10. A website digital archiver for archiving data stored in a plurality of linked web pages of claim 9 further comprising a CD writer that allows the user to write the image on a CD for short term storage.

11. A website digital archiver for archiving data stored in a plurality of linked web pages of claim 9 further comprising a microfilm writer that allow the user to write electronic images.

12. A website digital archiver for archiving data stored in a plurality of linked web pages of claim 10 further wherein the microfilm writer is a microfiche writer.

13. A website digital archiver for archiving data stored in a plurality of linked web pages of claim 12 in which the electronic file is a TIFF file.

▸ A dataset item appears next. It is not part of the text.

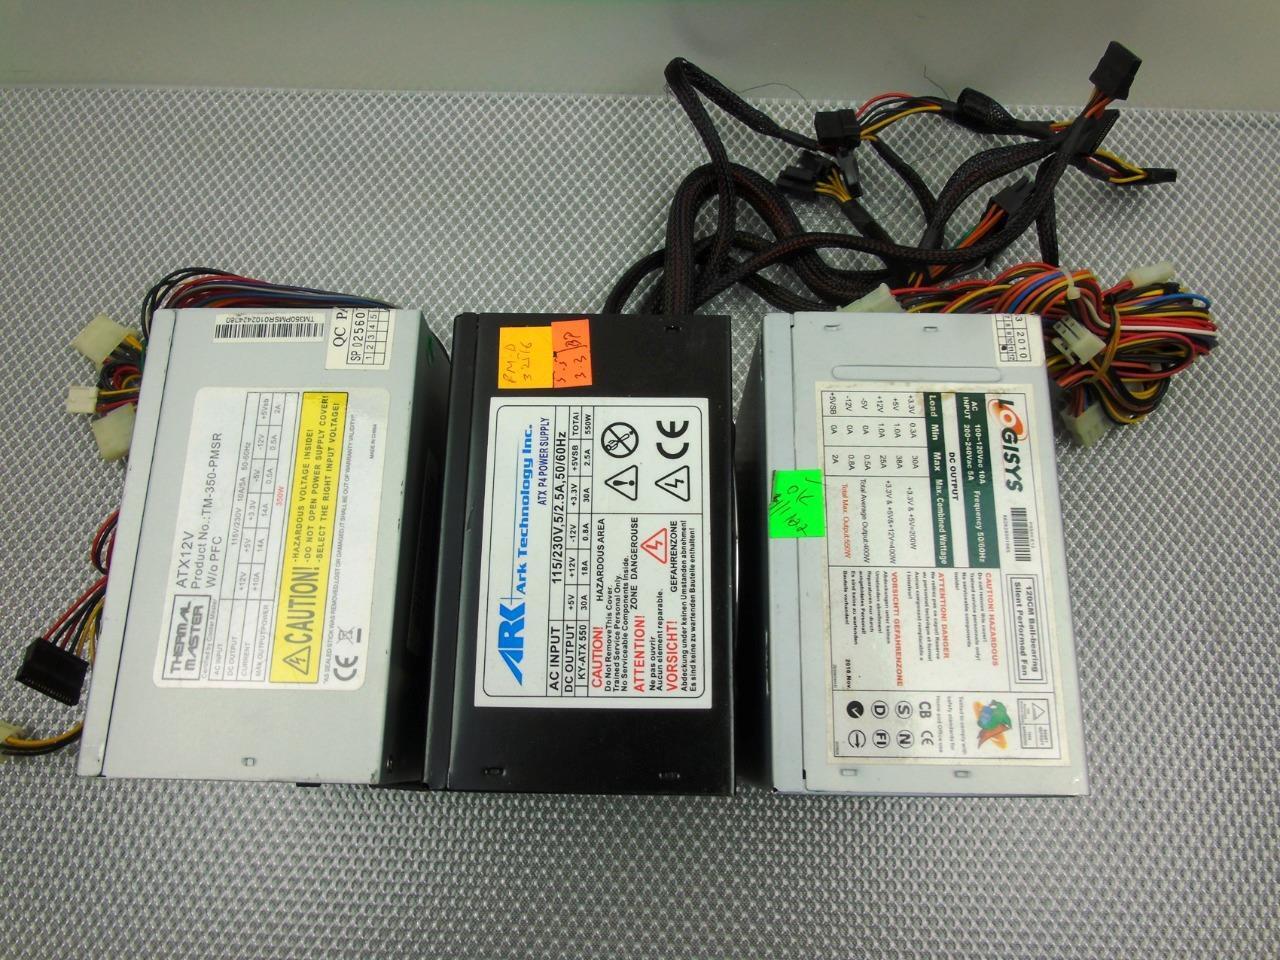 Lot of 3 - Logisys, ARK, Thermal Master 550w 550w 350w  ATX  PC Power Supply

14. A website digital archiver for archiving data stored in a plurality of linked web pages, of claim 12 further comprising a storage writer to create the electronic file to a visually perceptible archival copy of each web page from the digital image for archival storage.

15. A website digital archiver for archiving data stored in a plurality of linked web pages of claim 14 in which the storage is on a durable, human readable medium such as microfilm.

16. A website digital archiver for archiving data stored in a plurality of linked web pages of claim 15, further comprising a reader to retrieve a digital image from the visually perceptible archival copy of each web page on the durable, human readable medium.

17. A website digital archiver for archiving data stored in a plurality of linked web pages of claim 16 in which the digital image is a TIFF file.